───── Raw data ─────

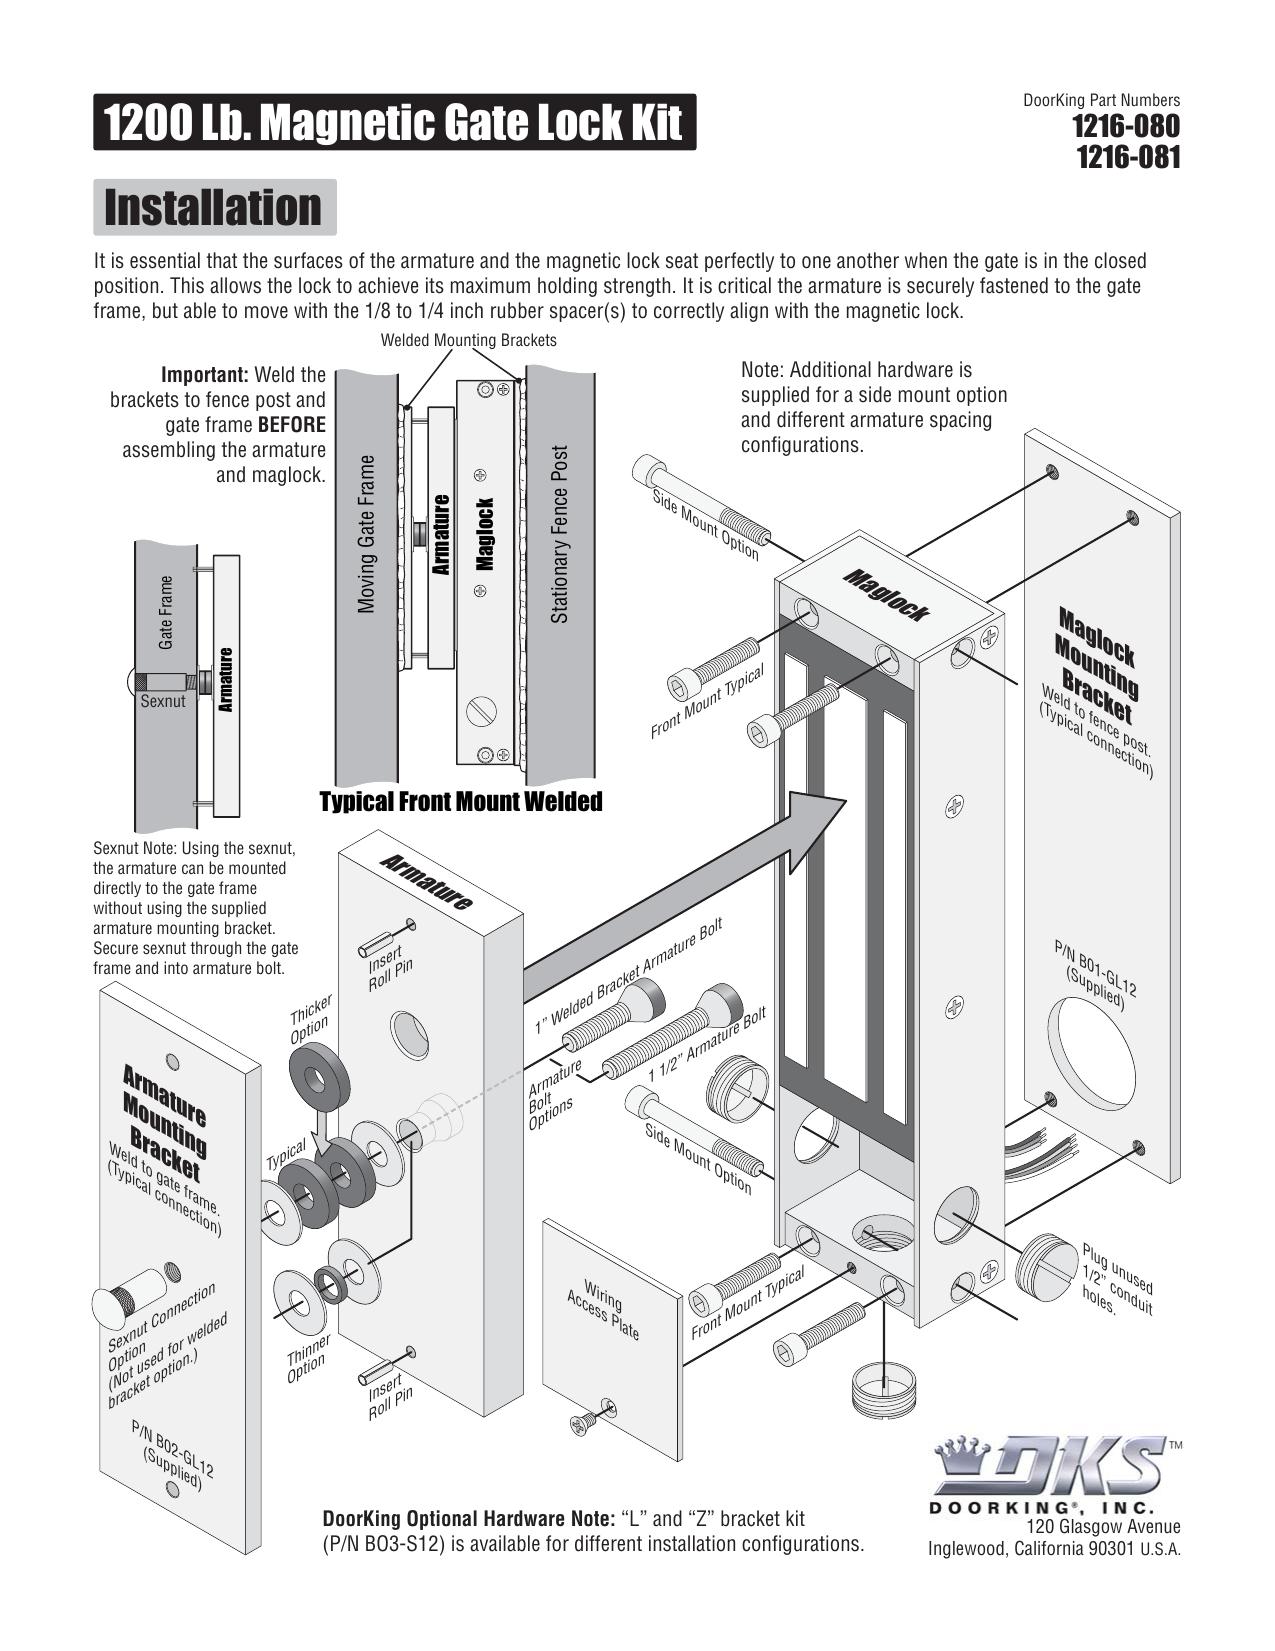 1200 Lb Magnetic Gate Lock Kit Installation Ke Wiring Diagram
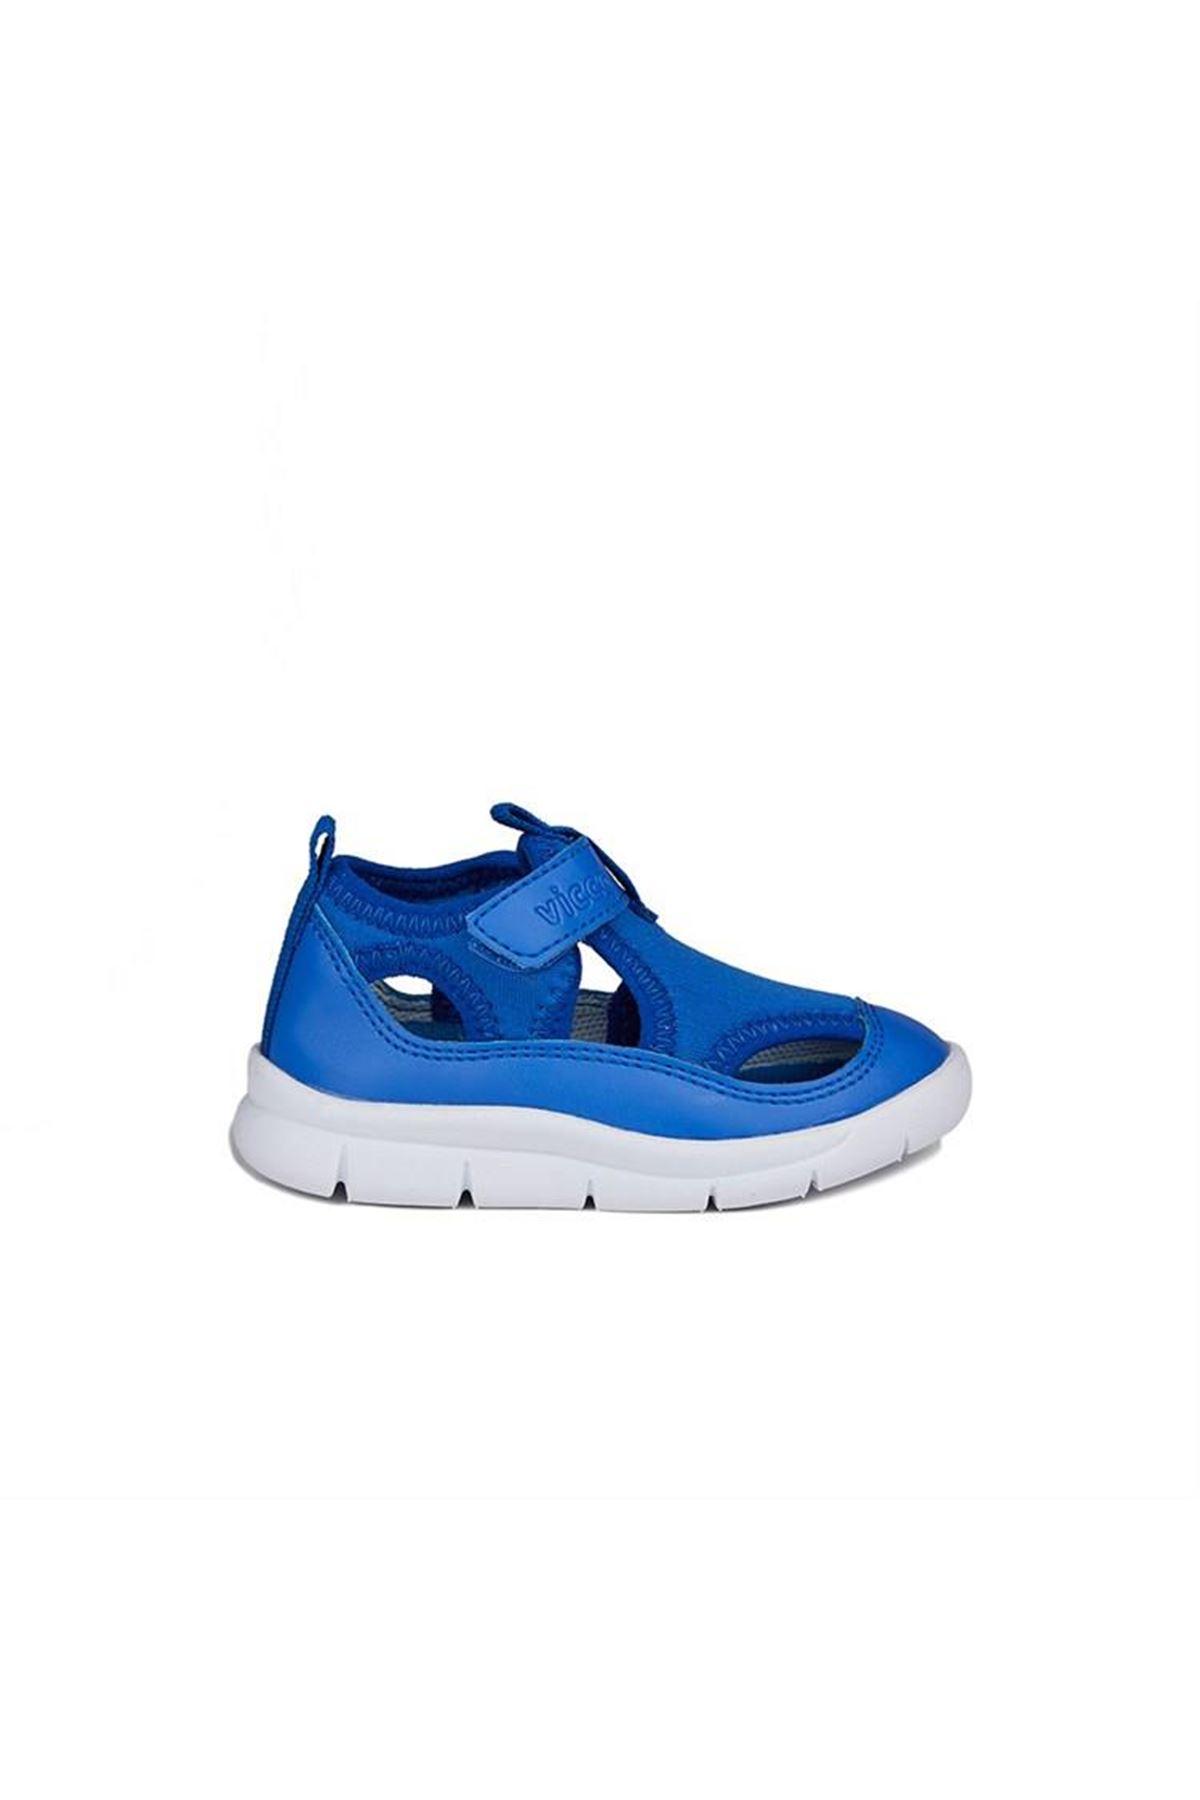 Vicco İlk Adım Phylon Spor Ayakkabı 346.E20Y.204 Saks Mavi
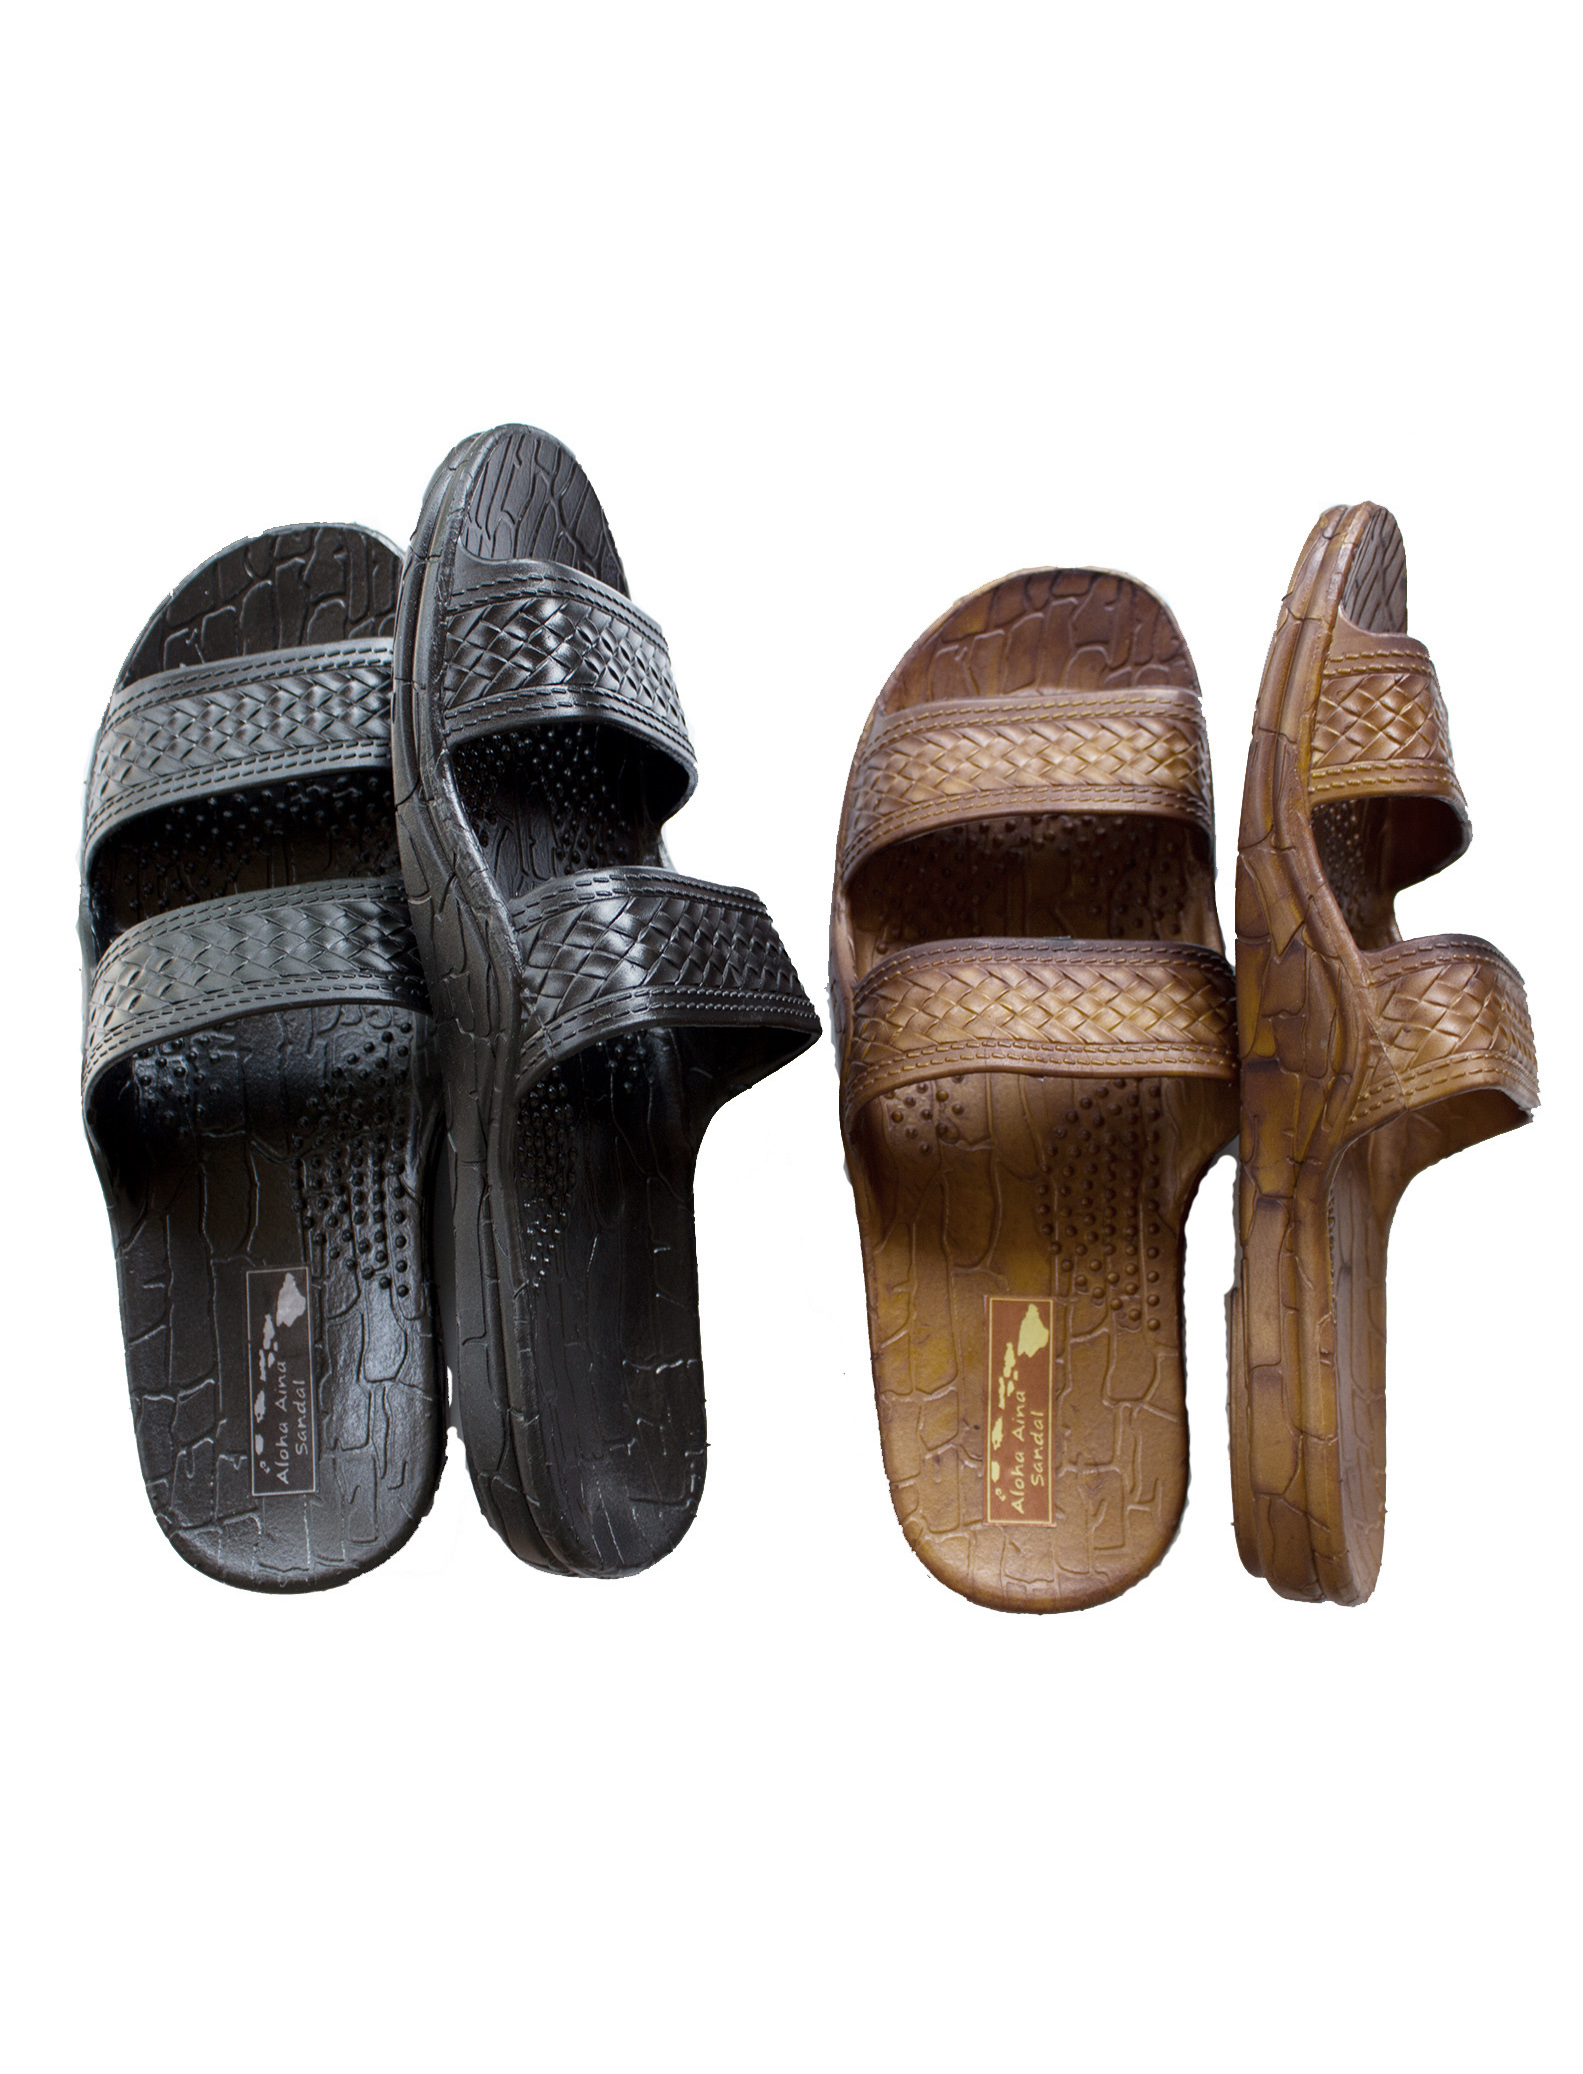 e1943458e Aloha Aina Sandal - Hawaii Brown and Black Jesus Sandals for Kids ...
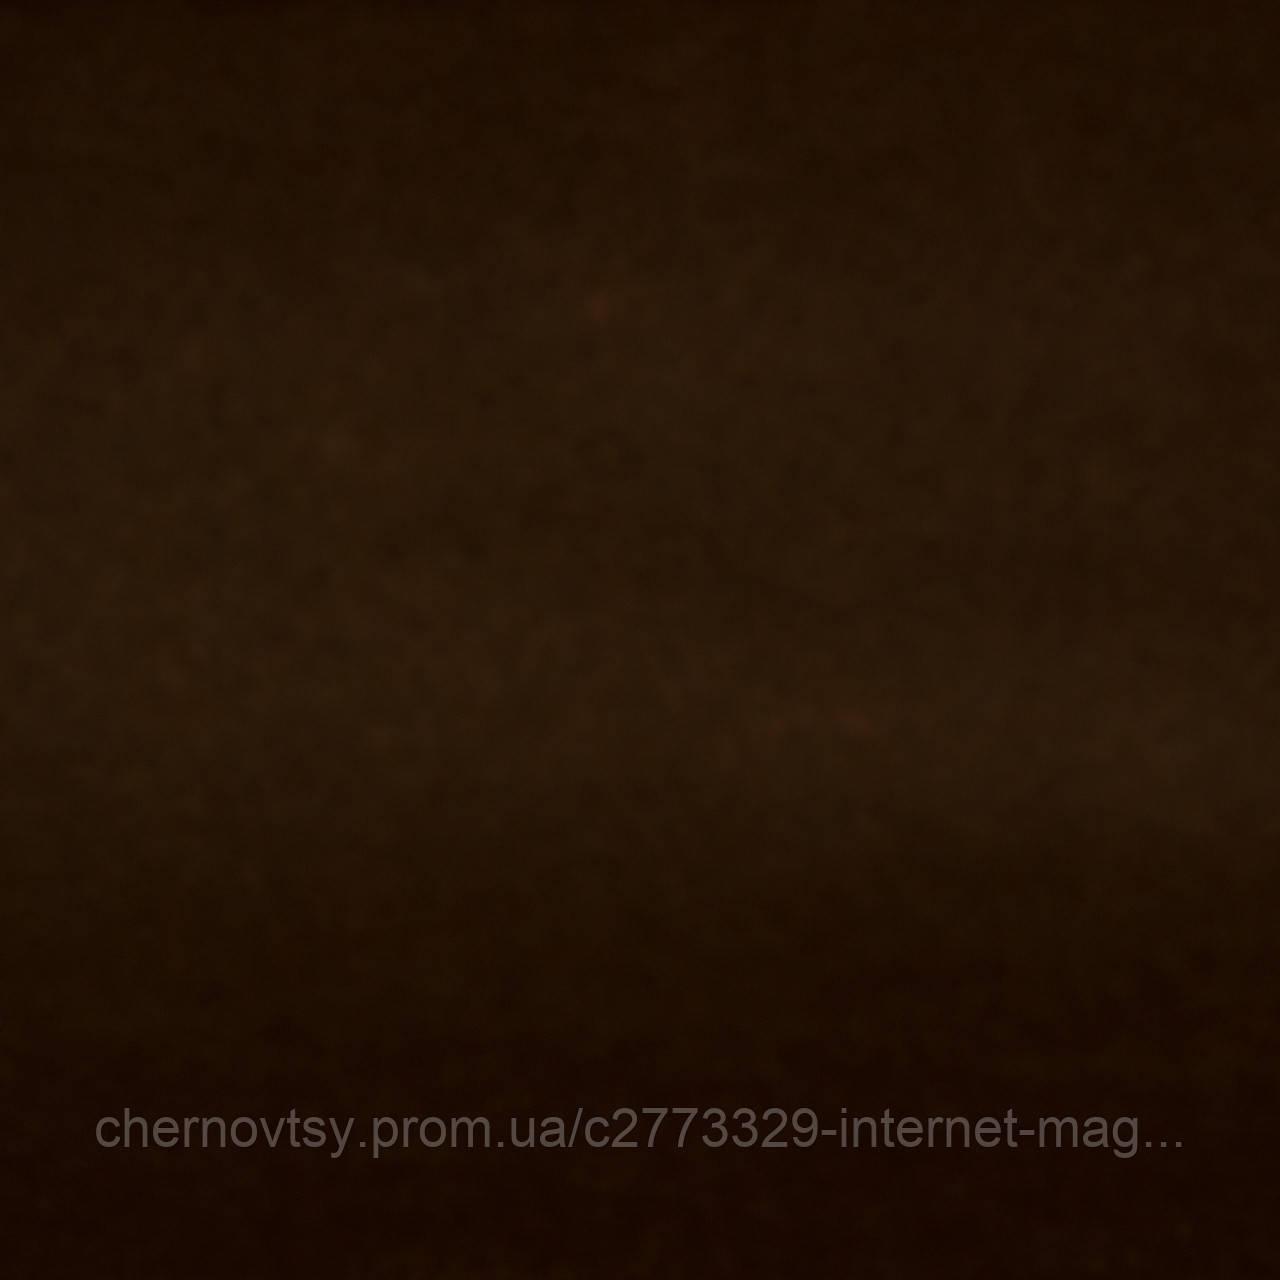 Фетр жесткий 50х42 см, толщина 1 мм

─────

**Brief**
Write out the lines of the listing from the one that holds "e1943458e Aloha Aina" to the very last line, both included, exactly as they appear and without any pictures.

**Exercise output**
 e1943458e Aloha Aina Sandal - Hawaii Brown and Black Jesus Sandals for Kids ...
 Фетр жесткий 50х42 см, толщина 1 мм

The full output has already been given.